THE LAW MEDICAL GROUP PRACTICE

Dr Adrian Richardson

Meeting / Patient Representation Group Meeting (PRG)
Date / 20th September 2016
Venue / 9-11 Wrottesley Road, NW10 5UY
Chairperson / Dr Adrian Richardson
Practice Attendees / Dr Richardson, C. Khiari, S. Khan, Dr Milne, M. O’Connell, Dr Hamami, J. Williamson, D. Magar
PRG Attendees / H. Patel, A. Rabbitt, A. Hicks, P. Courtney, M. Courtney, T. Doyle, L. Edwards, S. Sama, S. Sama, B. Nandha, M. Barton-Daly, B. Ahmed, S. Ahmed, A. Fields, A, Barton, M. Barton, U. Willis, D. Keely, E. Keely, J. Cremin, E. Cremin, B. Kapadia, M. Trewick, A. Kyriacou, A. O’Neill, M. Fittall, M. O’Neill, M. Talsania, J. Pincus, M. Williams, M. Normoyle
ACTION / AGENDA ITEM
Dr Richardson (AR) welcomes all present to the PRG meeting.
Presentation by Dr Richardson
Dr Richardson recounts many of the current issues and problems affecting The Law Medical Group Practice (LMGP) and general practice nationwide.
·  See attached presentation document
Key points of presentation:
·  Increasing patient numbers
·  Decreased funding in general practice
·  Decreased GP numbers nationally
·  Difficulty retaining / recruiting GP’s
Dr Richardson informs the PRG that over the preceding few months, LMGP has been working closely, and has been supported by local governing bodies such as NHS London, Clinical Commissioning Group (CCG), and London Medical Council (LMC) and reassures PRG that LMGP will not close and full services across both sites, Willesden and Wembley, will remain. The practice will benefit from three new partners; Dr Hamami, Dr Minhas, and Mr Shiraz Khan (non-clinical business partner).
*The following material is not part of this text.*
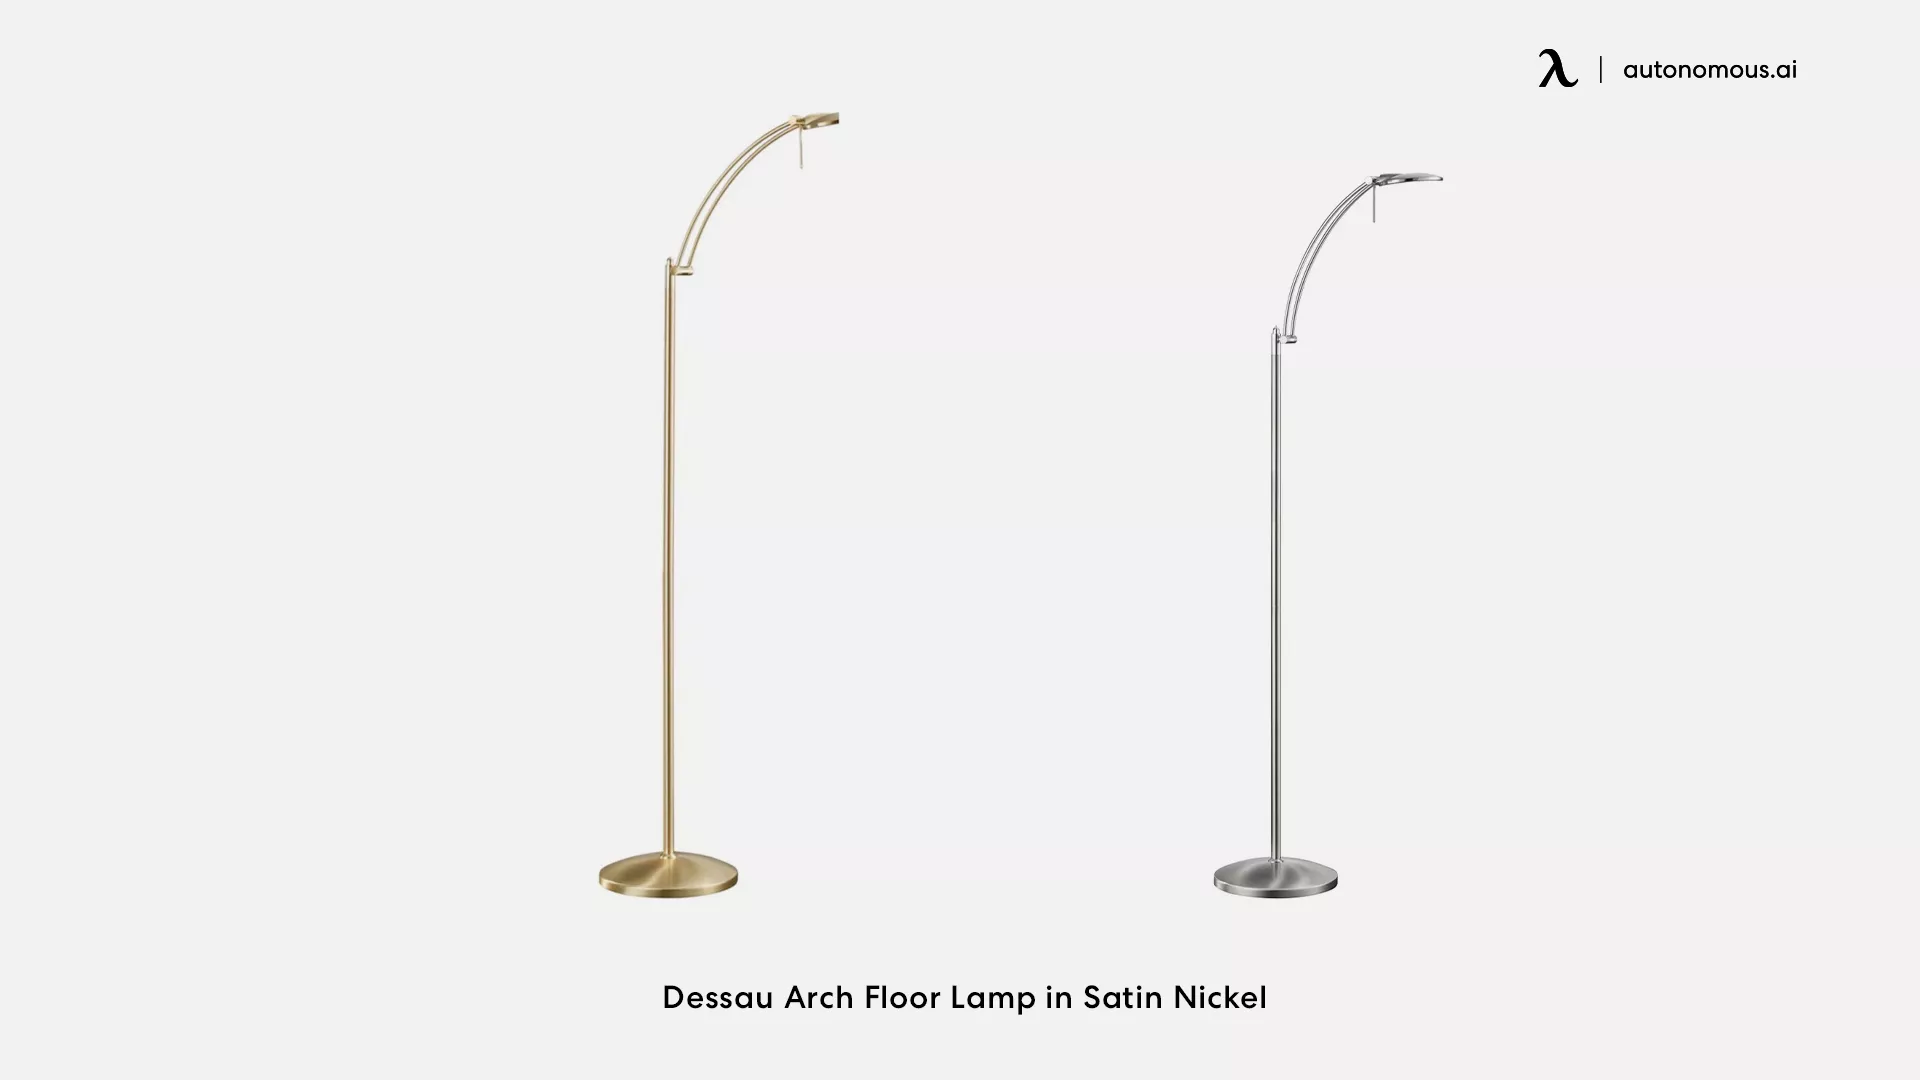 Dessau Arch Floor Lamp in Satin Nickel

Introduction – Mr Shiraz Khan
Mr Shiraz Khan (SK) introduces himself to the PRG. Advises the PRG that he has a long history working in general practice, and in particular with practices that are struggling. He reassures PRG that both strategic short term and long term plans are in place; the practice is currently recruiting for clinical and non-clinical staff and we have three permanent GP’s starting over the course of the next few months. Also, the practice will resume its focus on training GP’s and we have GP trainees starting in February. The reception team will also be trained on appropriate allocation of appointments, allowing the GP’s to deal with more complex medical management and the nurse practitioner will manage patients with more general illness with an option to escalate to/ communicate with the GP if necessary. SK advises that it is vital we have the support of the patients during these changes and that they trust that the practice will allocate them to the most suitable clinician for their needs. Other plans also include patient and clinician access to an on-site pharmacist.
Patient Question and Answer Session
Q. How is the current staff going to cope until the practice recruits new staff?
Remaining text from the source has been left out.